> _Task_
Reproduce exactly only the lines from the line that holds "Vegan Mug - Turkey" to the line that holds "Floss Like A", inclusive, in the listing below, and please leave out every picture.

> _Excerpted data_
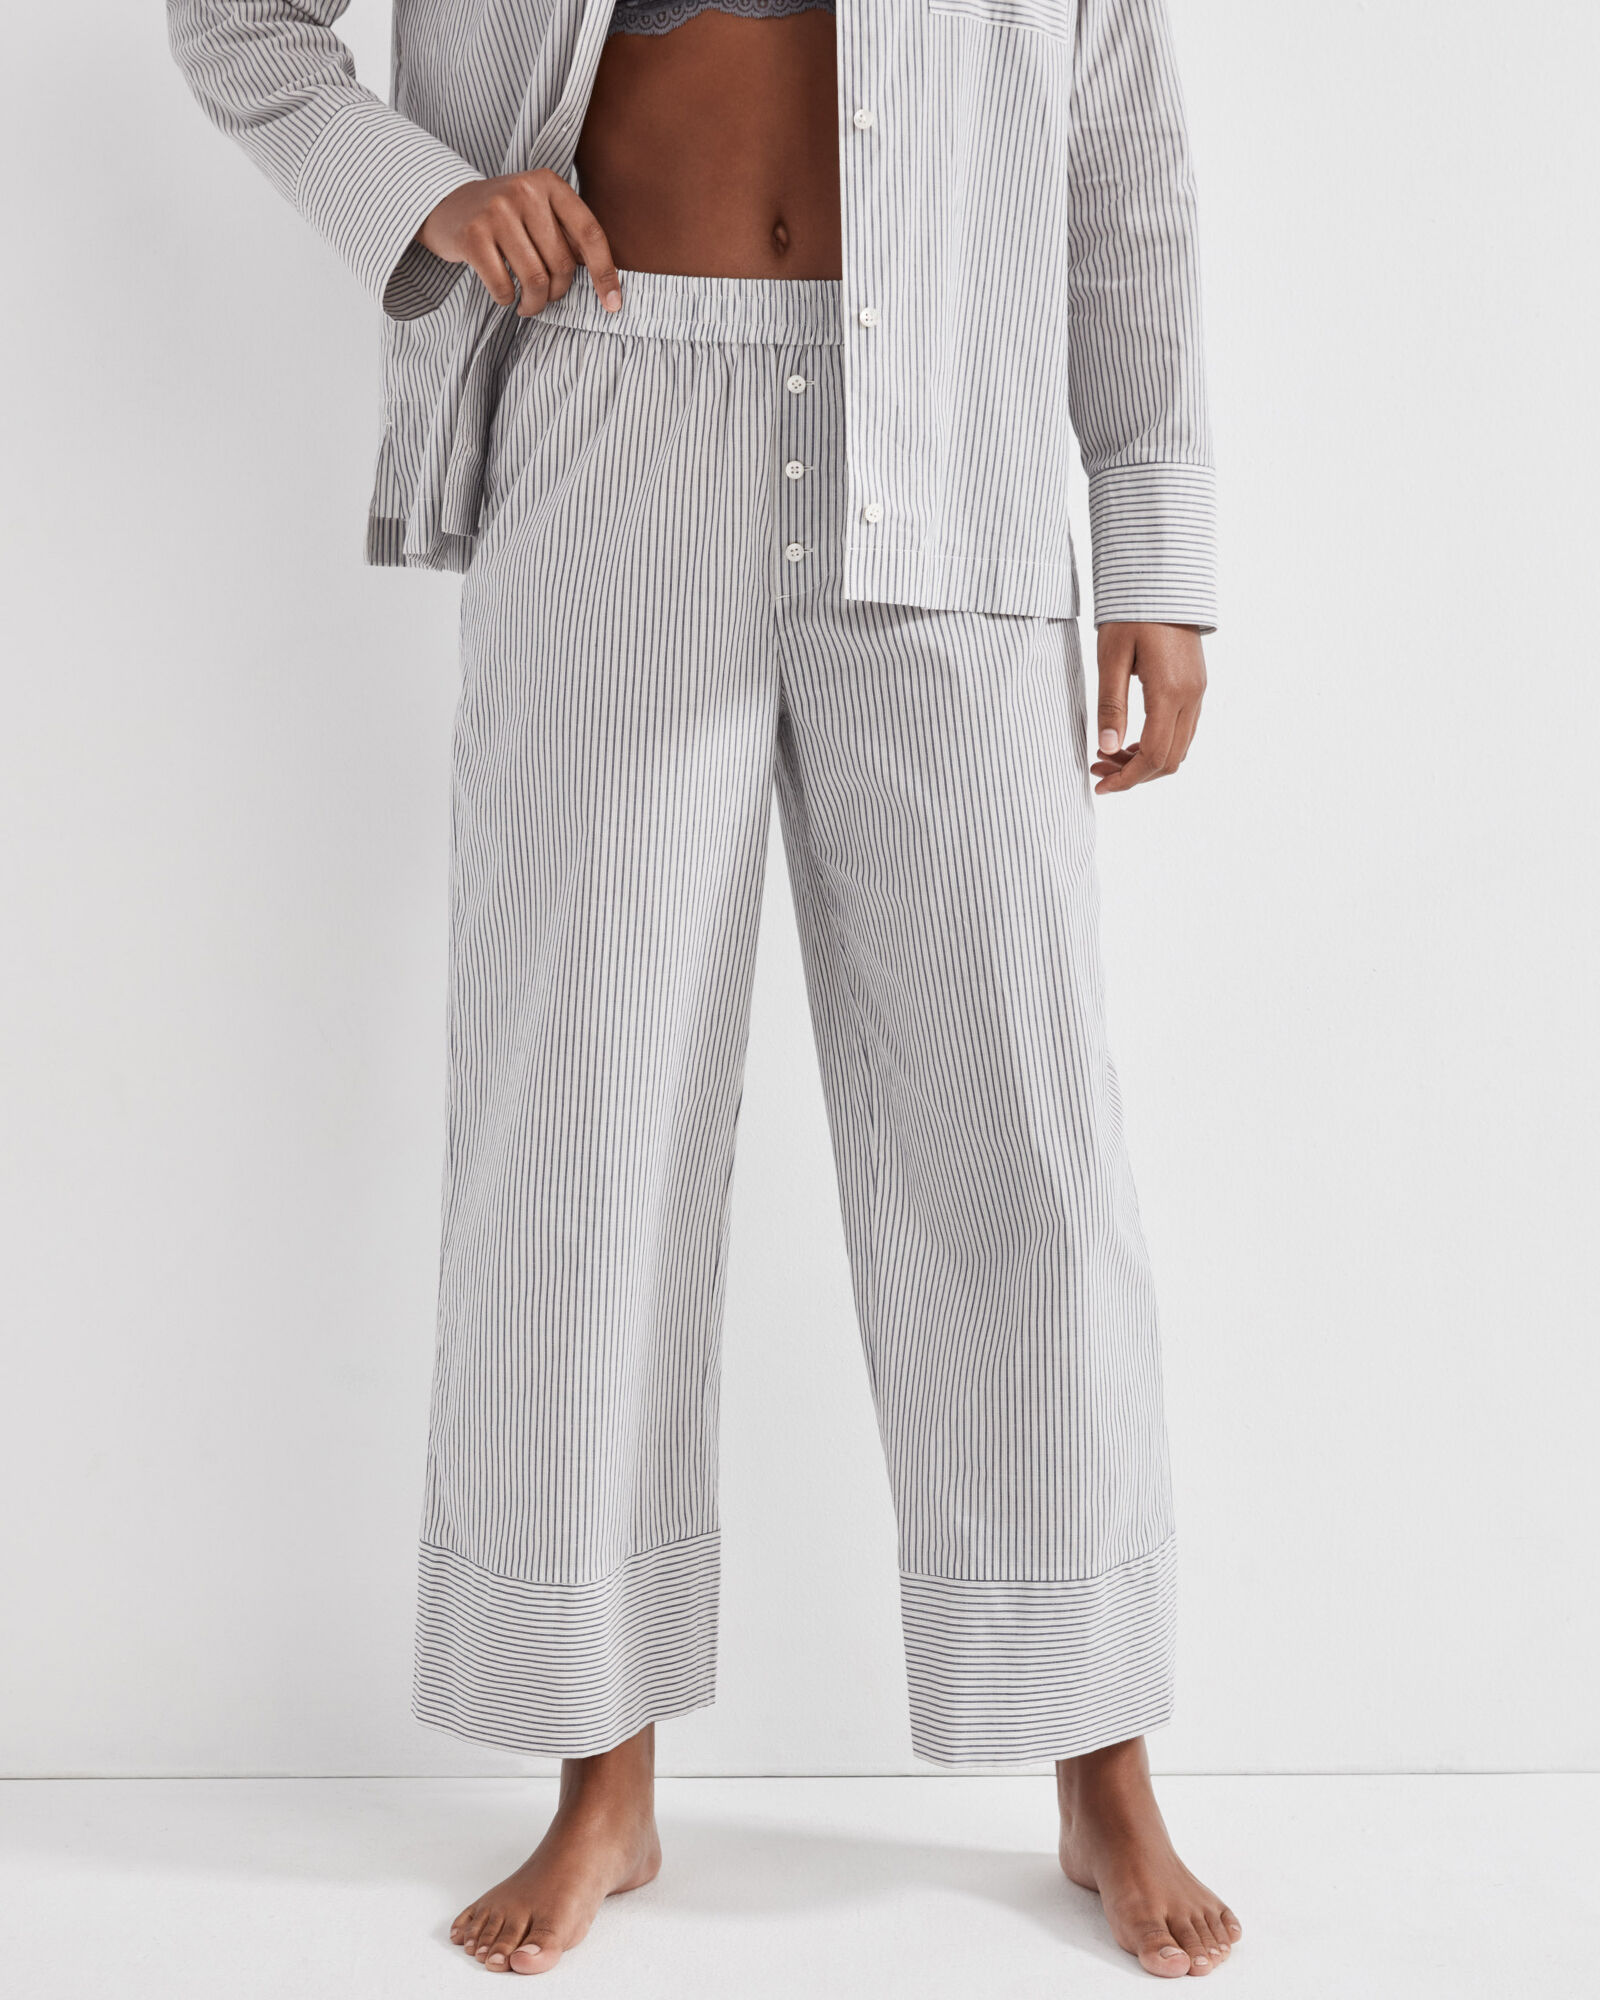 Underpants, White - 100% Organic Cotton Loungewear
...
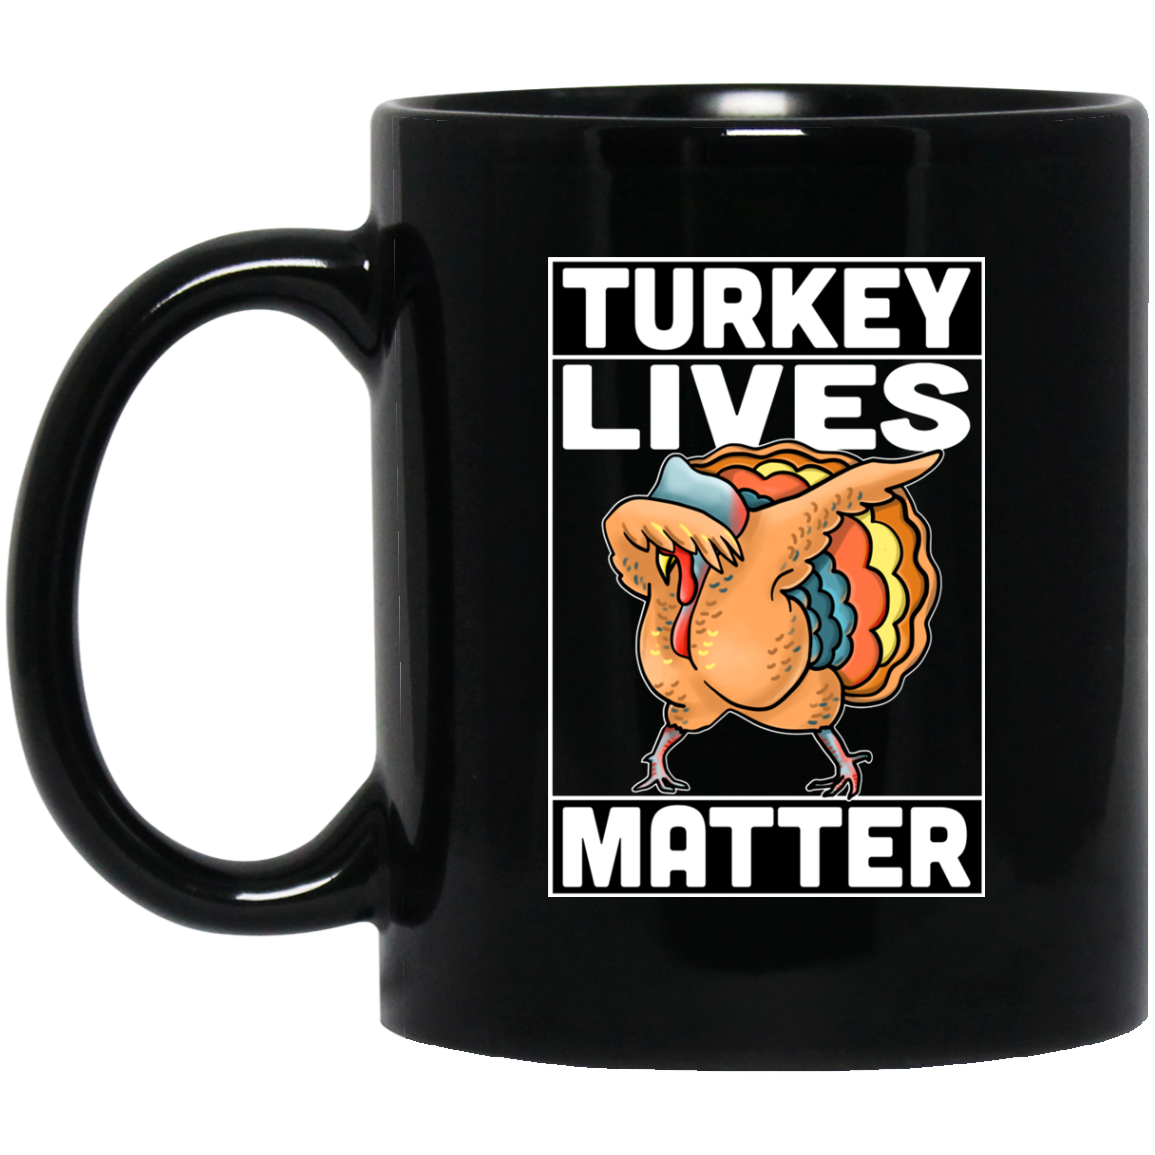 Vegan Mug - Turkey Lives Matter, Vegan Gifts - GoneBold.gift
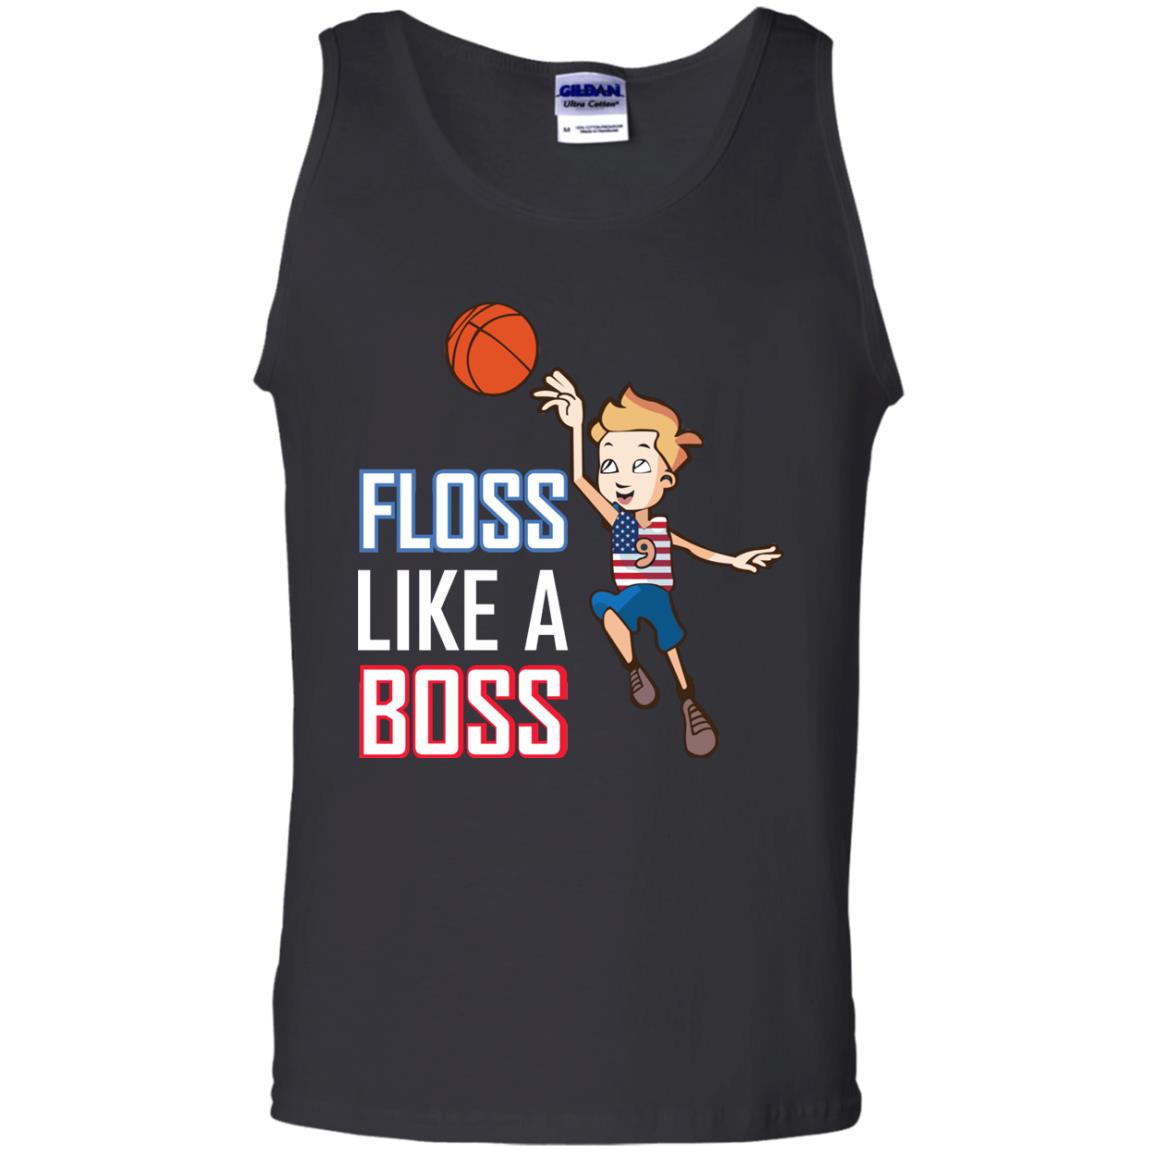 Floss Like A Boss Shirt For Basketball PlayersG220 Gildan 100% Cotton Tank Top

> _Expected output_
 Vegan Mug - Turkey Lives Matter, Vegan Gifts - GoneBold.gift
 Floss Like A Boss Shirt For Basketball PlayersG220 Gildan 100% Cotton Tank Top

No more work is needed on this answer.